Красная Огонечина, пай-девочка. Сидит в фонаре, в стеклянной норе, выйти не может. Да кто-нибудь поможет. Эй, Янка, выпусти! Эй, Огнеяр, выпусти! Яр, яр, яр! Как ты ярок и яр! Огнеяр, Огнеяр, выпусти жар! Покажи пожар! Пусти Огнянку на сухую траву! На бумагу! На хвою!

Огнеяр смотрит, а не пускает. Огнеяр знает: Огонечина — обманщица. Не такая уж она милая, только притворяется. Однажды пожалел ее Огнеяр, поверил, выпустил на полянку огонек-Огнянку. Пустил со спички на вереск, а она, дочь Огня, забыла, что обещала, обо всем на свете забыла. Разошлась, растрещалась! Вскинулась! Скок — на сосенку, а с нее — на елку. Бежит, шипит. Назад идти не хочет, никаких уговоров не слушает. «Огняночка! Огонечинка!» — упрашивал Огнеяр. Да какая уж там огонечинка! Даже не огонь, а целое огнище! Не жар, а по-жар! Настоящий пожар.
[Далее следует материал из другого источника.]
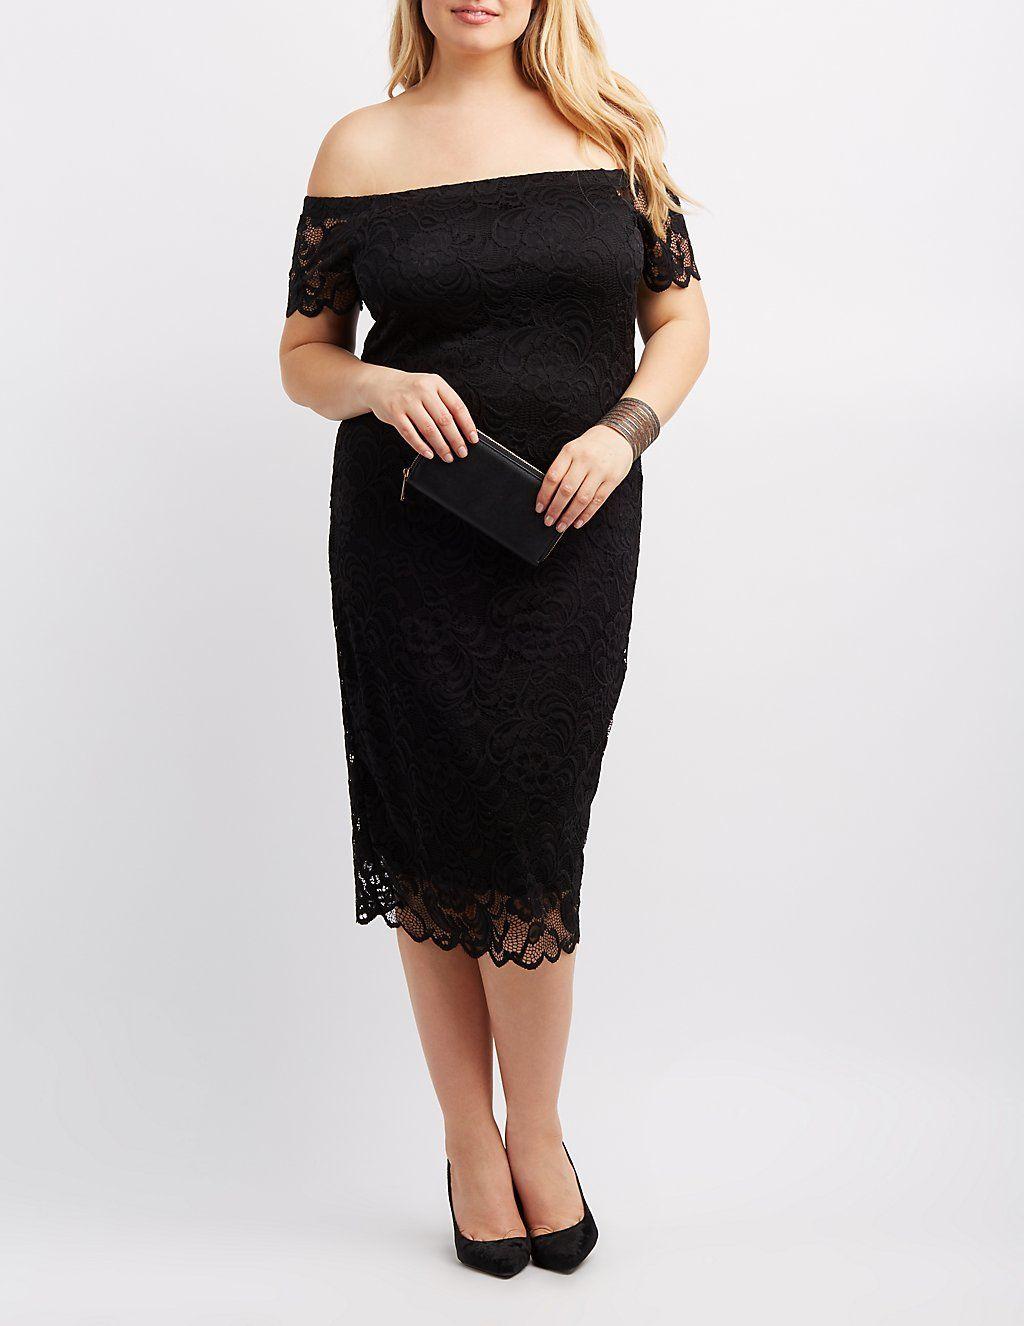 Große Größen Schöne Kleider Abendmode Kurzes | Sexy und Schöne ...

Понял тогда Огнеяр, что натворил: выпустил жар — вызвал по-жар. Дал волю Огнянке, вот она и беснуется, и ярится, во все стороны кидается. Разрастается красным кругом — не изловить ее, не погасить. Красной рекой рушится на кусты. Красной змеей вползает на ели. Вскидывается красным чудищем, пожирает все, что ни попадя, а все не давится. Вот так пожар! Огнеяр в жизни такого не видел.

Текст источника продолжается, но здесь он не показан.